Mr. Caron is currently subject to a disposition of the Ontario Review Board (“the Board”) dated April 17, 2025, which detains him at the Secure Forensic Unit of the Brockville Mental Health Centre – Member of the Royal Ottawa Health Care Group, Brockville, Ontario, with privileges up to and including living in the community in accommodation approved by the person in charge.
By way of letter dated June 2, 2025, the hospital notified the Board that Mr. Caron had eloped while exercising his indirectly supervised community privileges. By letter dated June 5, 2025, the Board was notified that Mr. Caron had returned to hospital. By letter dated June 11, 2025, the hospital notified the Board that Mr. Caron had been admitted to the Assessment and Stabilization Unit and that there had been a significant increase in the restrictions of his liberty that exceeded seven days.
As a result, the Board convened a hearing using zoom technology on July 8, 2025, pursuant to s. 672.81(2.1), to review the restriction. Mr. Caron was present and represented by Ms. McMahon. Also present at the hearing to support Mr. Caron was his fiancée, Ms. Cook.

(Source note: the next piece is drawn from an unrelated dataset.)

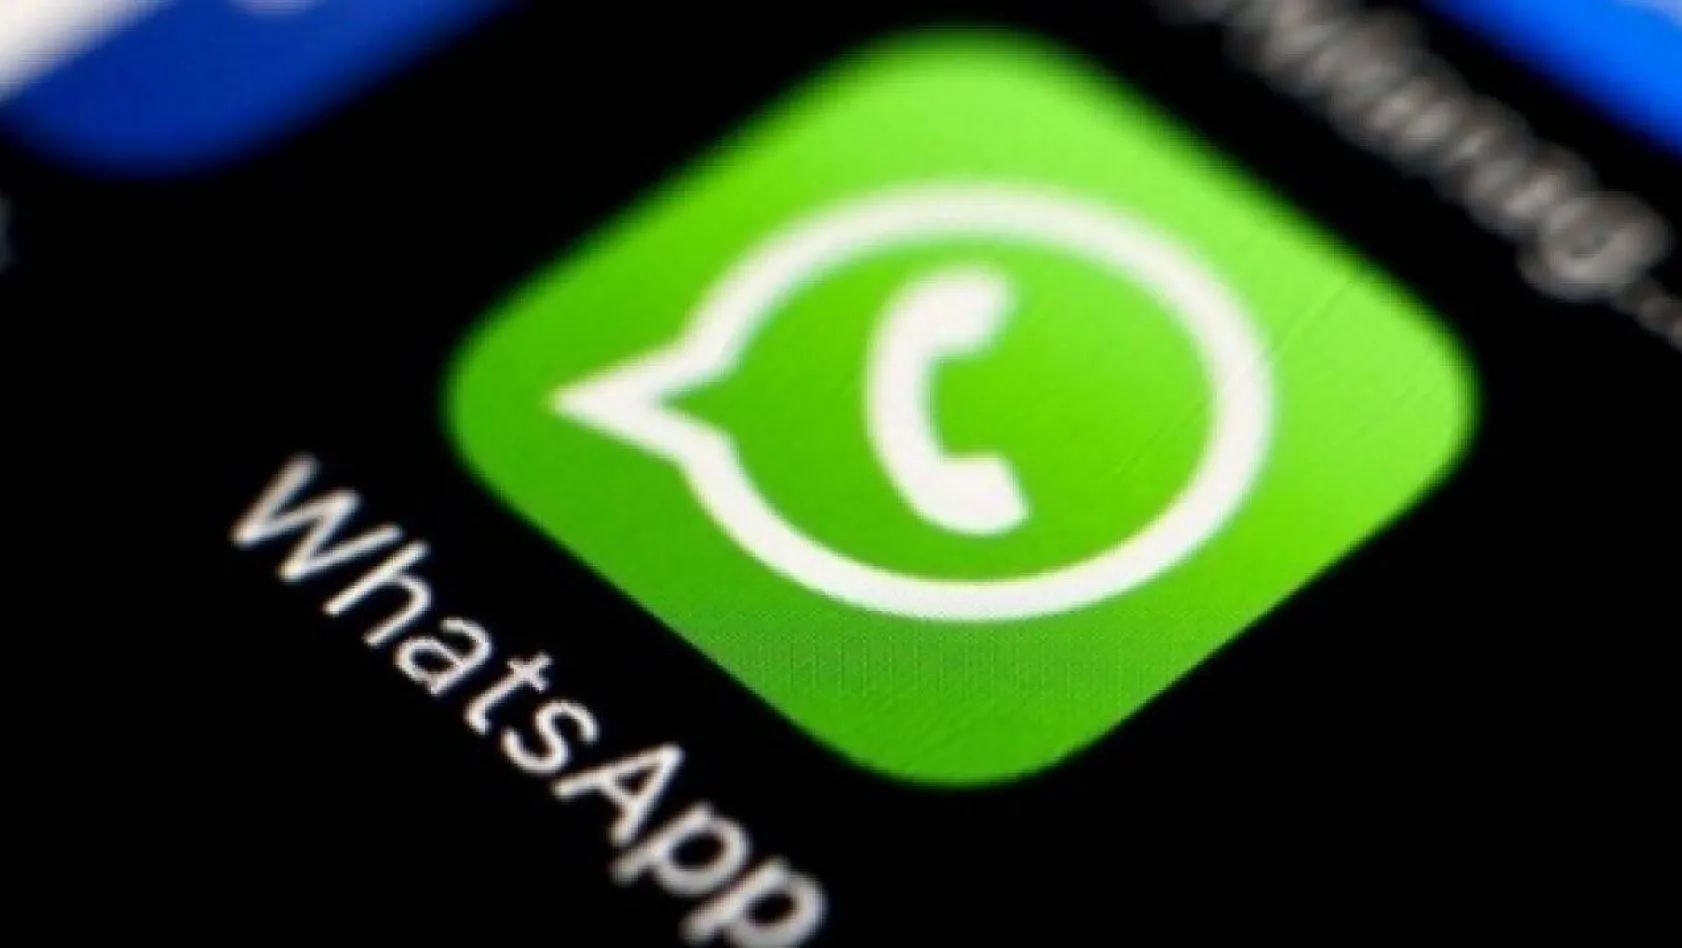 Tüm WhatsApp kullanıcılarını ilgilendiren flaş özellik devreye girdi

The only issue to be determined was whether the decision by the hospital to significantly increase the restrictions of Mr. Caron’s liberty was warranted at the time and whether the increase of restrictions as of the day of the hearing was warranted.
Ms. Miltenburg, counsel for the hospital, submitted that the initial decision to readmit Mr. Caron was necessary and appropriate to manage his risk to the safety of the public and continued to be so. Mr. Schultz, on behalf of the Ministry of the Attorney General, concurred with the hospital’s position. Ms. McMahon agreed that the initial increase of the restriction of Mr. Caron’s liberty was necessary and appropriate but questioned the continued level of restriction.
Findings
- For the reasons that follow, the Board finds that the hospital’s decision to admit Mr. Caron to the hospital’s high secure unit on June 5, 2025 was necessary and appropriate and represented the least restrictive and least onerous measure available to the hospital in the circumstances. Further, the continued detention in hospital at the increased levels of restriction up to the day of the hearing was also necessary and appropriate and the least onerous.
The Evidence
- The evidence at the hearing consisted of the Hospital Report, dated June 24, 2025 (ex. 1), and the viva voce evidence of Dr. Carefoot, Mr. Caron’s treating psychiatrist.
The Index Offence
- The circumstances of the index offence are taken from this year’s Reasons for Decision and Disposition dated May 14, 2025, as follows:
At the time of the offences, Mr. Caron was serving a sentence in an unrelated matter, at the St. Lawrence Valley Correctional and Treatment Centre. During his stay at this facility, he was seeking treatment from Dr. C. Cameron. Dr. Cameron, when speaking with Mr. Caron, learned that he, since early childhood, has had homicidal thoughts to kill his mother. Dr. Cameron indicates that these urges are so ingrained that, not only does Mr. Caron think about them daily, he also dreams about them at night. Mr. Caron has described to Dr. Cameron that he will kill his mother, cut her up into pieces, cook her and eat her. Mr. Caron indicates he will not actively pursue his mother, but that, if he were to cross her path by random chance, he would not be able to control these urges. Mr. Caron also revealed to Dr. Cameron a recently thought-out plan to perhaps kill his brother Chris or his sister Tiffany, and when his mother attended their funerals, he would ambush her and kill her.
Background Information
Given the limited focus of this hearing, it is not necessary to review Mr. Caron’s background and psychiatric history. That information is included in the Hospital Report which was made an exhibit. However, it is useful to outline some of the material facts from his recent annual NCR hearing that are outlined in the Reasons for Disposition dated May 14, 2025.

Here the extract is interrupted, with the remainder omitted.